Directrice de recherche à l’École supérieure d’informatique électronique automatique (ESIEA), Evelyne Klinger nous détaille les nouveaux enjeux de la réalité virtuelle dans le monde médical à l’heure où de plus en plus de projets naissent.
À l’occasion des Laval Virtual Days organisé par Laval Virtual, Cap Digital et L’Atelier, entretien avec Evelyne Klinger de l’ESIEA qui travaille depuis plusieurs années sur des projets associant technologies de réalité virtuelle et thérapies médicales.
L’Atelier : Depuis que vous travaillez sur la réalité virtuelle pour les thérapies, avez-vous constaté des évolutions sensibles ?
Evelyne Klinger : Ce travail date en réalité d’il y a 20 ans. Cela étant, en France, ce n’est que maintenant que les industriels commencent à s’y intéresser. Côté recherche, cela a démarré dans trois domaines : les troubles psychiatriques, la neuropsychologie et les troubles moteurs. De mon côté, je travaille à utiliser les technologies pour permettre aux personnes soit de récupérer des capacités soit de faire face à des problèmes. Globalement, cela correspond à la prise en charge du handicap. Il peut s’agir d’une jambe cassée, d’un accident de voiture avec un cerveau lésé, ou de problèmes de phobies. Mais il y a aussi un autre volet : la formation des médecins avec des simulations.
Tout ce travail se base sur ces univers qui ont montré qu’ils étaient viables pour apprendre à des personnes saines. Toute la question est donc désormais de savoir si cela peut être utilisé pour des personnes qui ont différents problèmes de handicap notamment. Ainsi, dans le domaine psychiatrique, on va traiter majoritairement des troubles de l’anxiété avec des thérapies cognitives et comportementales. Tout cela s’est construit sans la réalité virtuelle mais cette dernière peut apporter un plus.
Vous parliez d’un retard des industriels dans le domaine, est-ce que cela a évolué ?
J’ai commencé dans les années 2000. Lorsque nous présentions nos travaux en France, ils n’avaient aucun écho. Nous recevions des mails de patients qui voulaient bénéficier des projets que nous lancions. Mais un problème demeurait : nos projets aboutissaient à des prototypes de recherche, sauf qu’il était nécessaire qu’ensuite un industriel s’y intéresse et estime que cela soit rentable. À cette époque, il n’y en avait pas. Nous avions dans les années 2007-2008 énormément de mal à trouver des industriels pour nous accompagner.
Maintenant, cela a changé parce que les résultats scientifiques ont montré que ces thérapies marchaient. De plus, les technologies se sont démocratisées. De nombreux outils sont devenus accessibles : au niveau des ordinateurs, des connexions Internet, des cartes graphiques, des logiciels, etc.
« Il y a des interconnexions fortes entre technologies de réalité virtuelle et thérapies médicales. »
La réalité virtuelle sert la médecine, on l’a vu. À l’inverse, la médecine peut-elle faire progresser la réalité virtuelle ?
En effet, nos travaux soulèvent de nouvelles questions qui nécessitent des interfaces adaptées. Par exemple, nous avons lancé un projet avec Dassault System. Dans ce projet, il y avait des problématiques logicielles qui ont permis à l’entreprise de faire avancer ses propres solutions. Il y a donc des interconnexions fortes. D’autant que les industriels doivent s’adapter aux contraintes médicales s’ils veulent accéder à ce marché.

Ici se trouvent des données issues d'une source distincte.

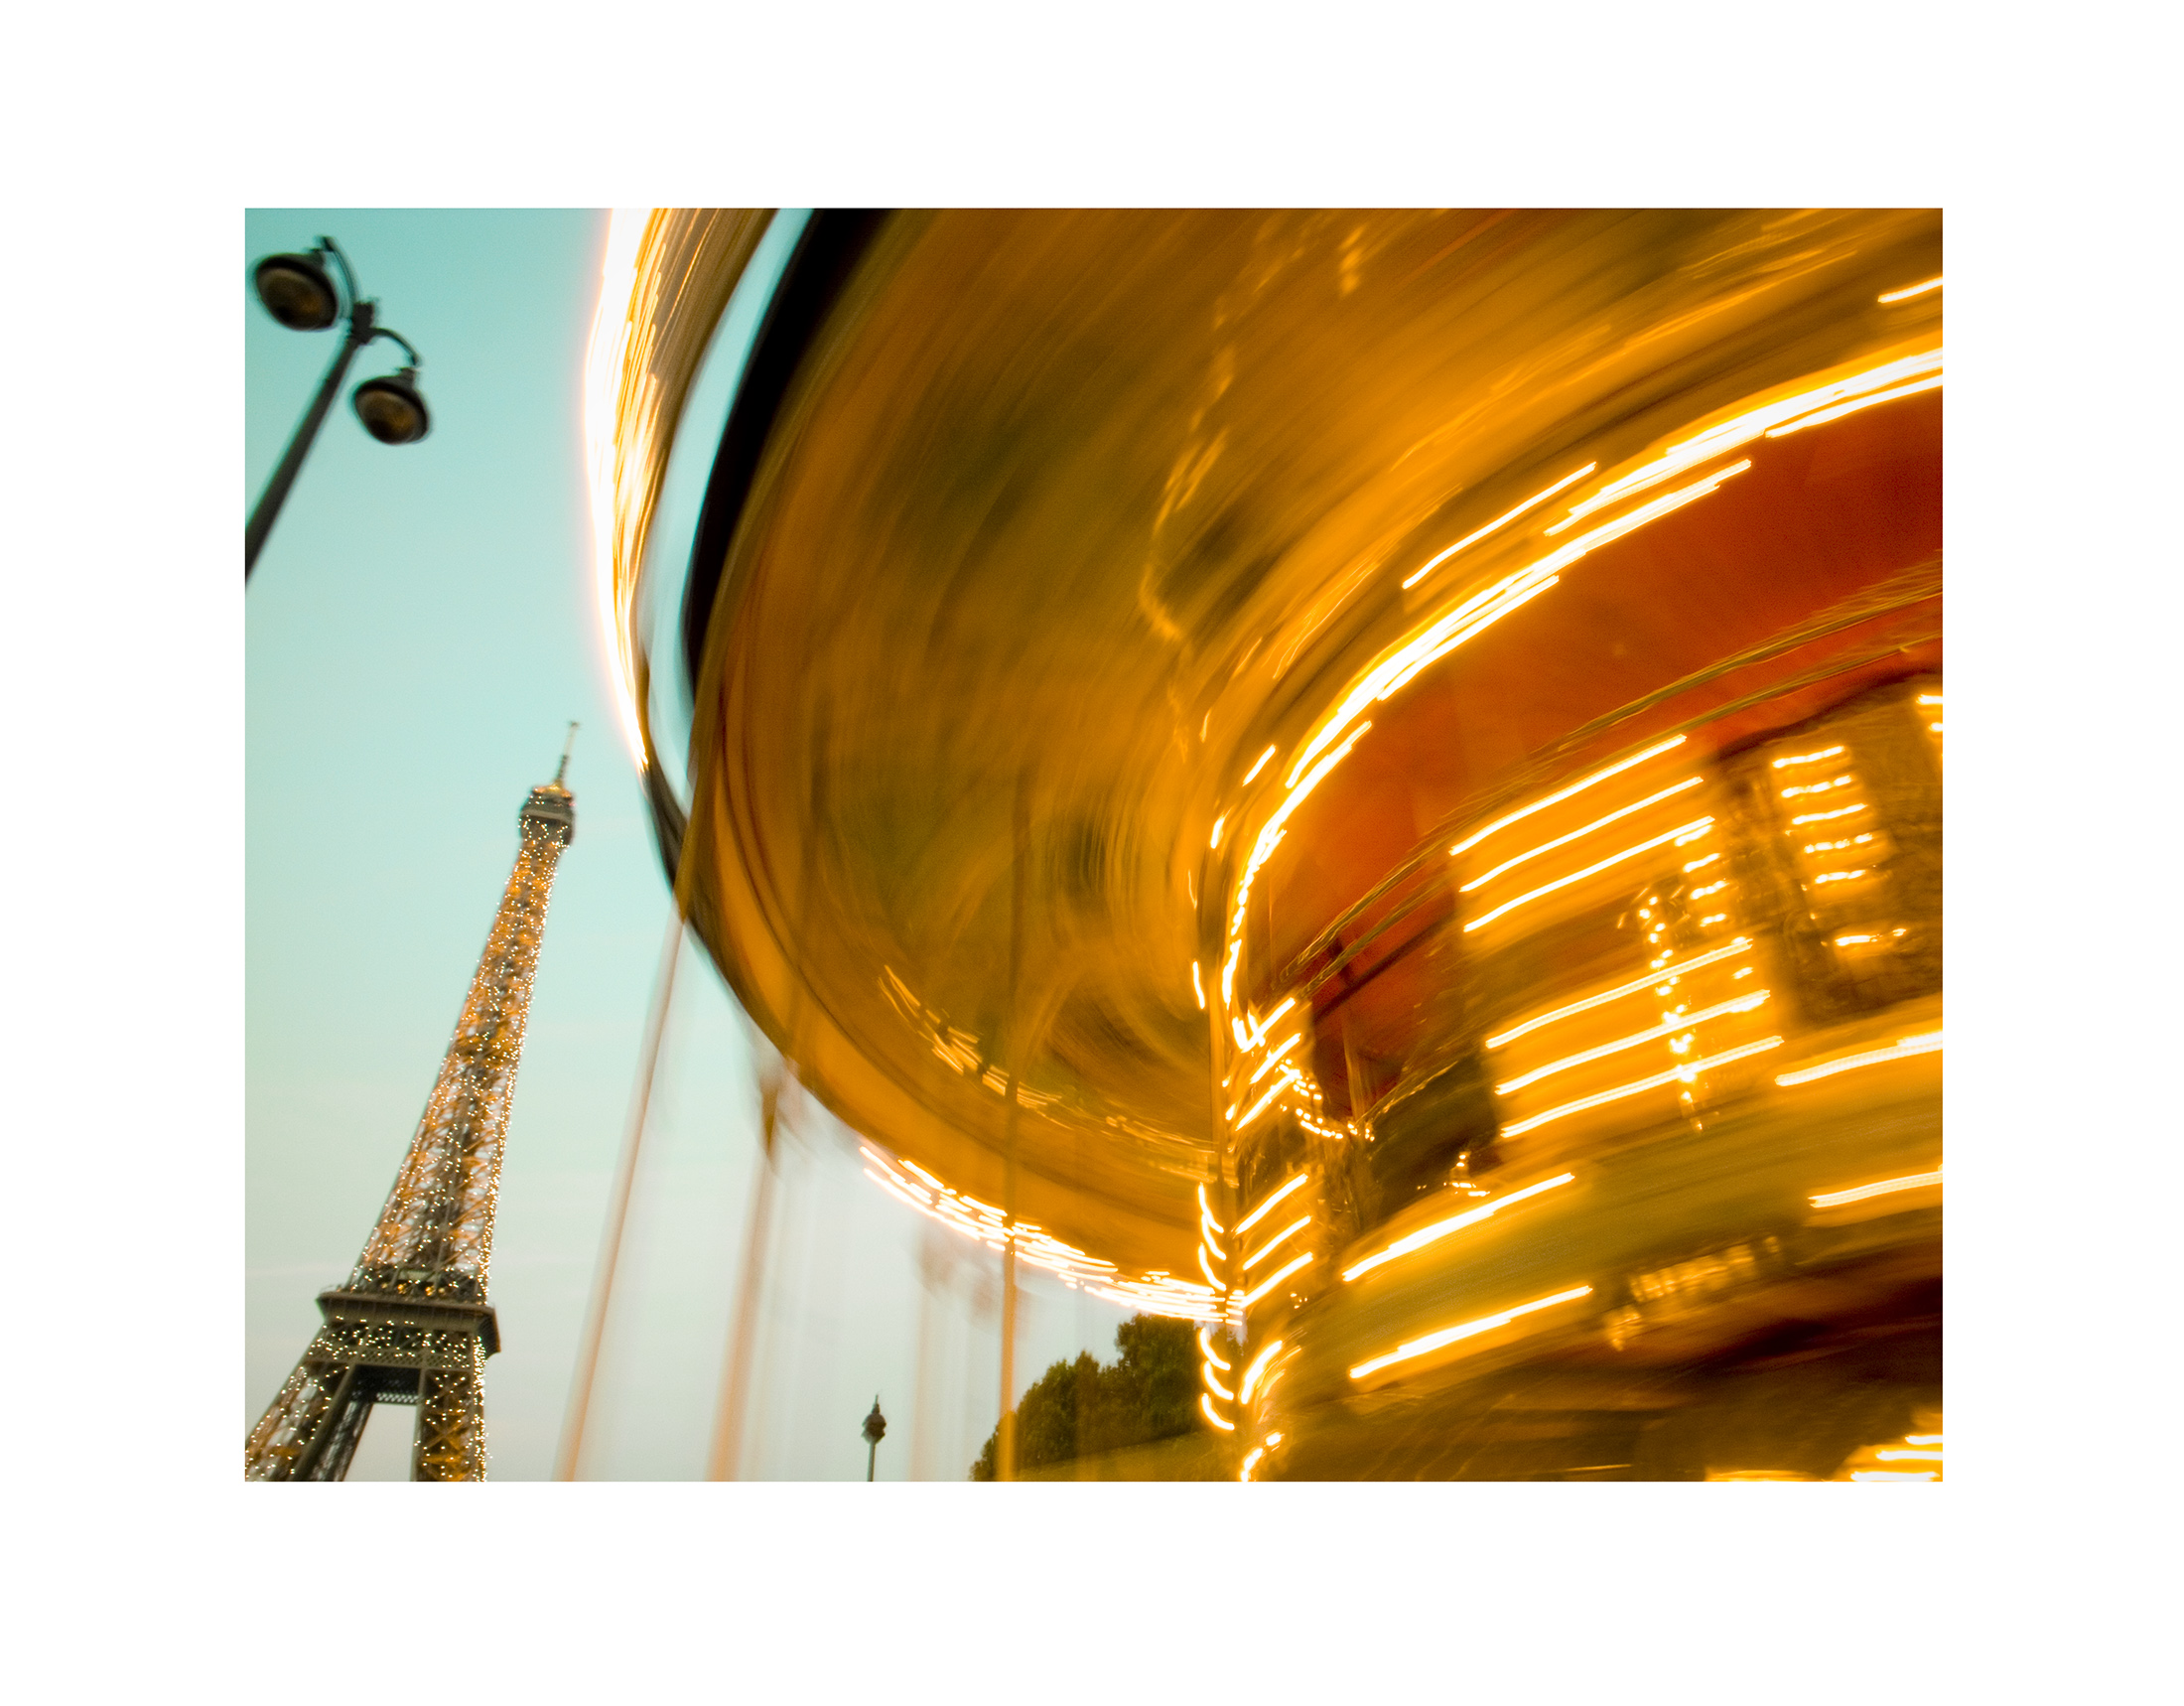 Paris_0011572.jpg

Qu’en est-il de l’accès à ces solutions ? Le prix peut-il être un frein au développement de la réalité virtuelle ?
Il y a un juste prix, c’est évident. Cela fait partie du travail des industriels mais il est clair que toutes ces technologies arriveront dans les foyers. En réalité, l’accès soulève d’autres questions. Il y a d’abord le problème de l’usage en autonomie. Il faut bien vérifier que ce qui est fourni ne va pas nuire. Sans oublier les questions d’usages de données : Où vont-elles ? Sont-elles sécurisées ? Qui les utilisent ? etc. Ce sont des questions sur lesquelles nous travaillons.

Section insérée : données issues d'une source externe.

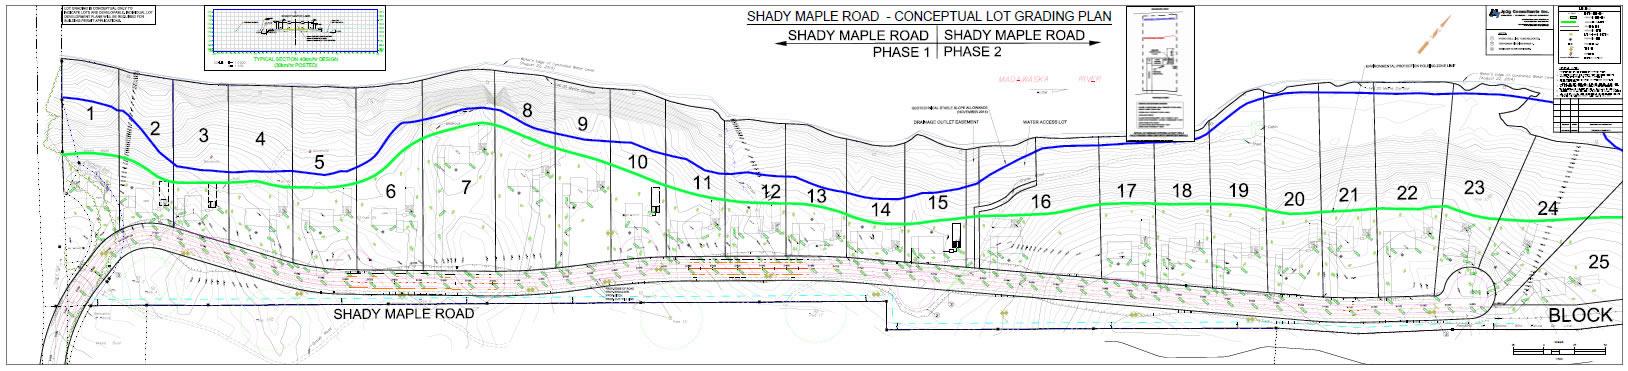 Waterfront lot division for the Braeburn Estates

« Le risque majeur est que quelqu’un qui ne connaisse rien à la thérapie manipule ces objets et se promeuve thérapeute. »
Le risque majeur est que quelqu’un qui ne connaisse rien à la thérapie manipule ces objets et se promeuve thérapeute. De même, un patient qui irait voir sur Internet risquerait de se dire « j’ai telle pathologie » et donc « je prends tel dispositif ». C’est le risque de s’autogérer. Il est clair que ces technologies ne s’adressent pas à tout le monde. Si c’est structuré avec des protocoles, cela peut fonctionner. Un peu comme pour les médicaments finalement.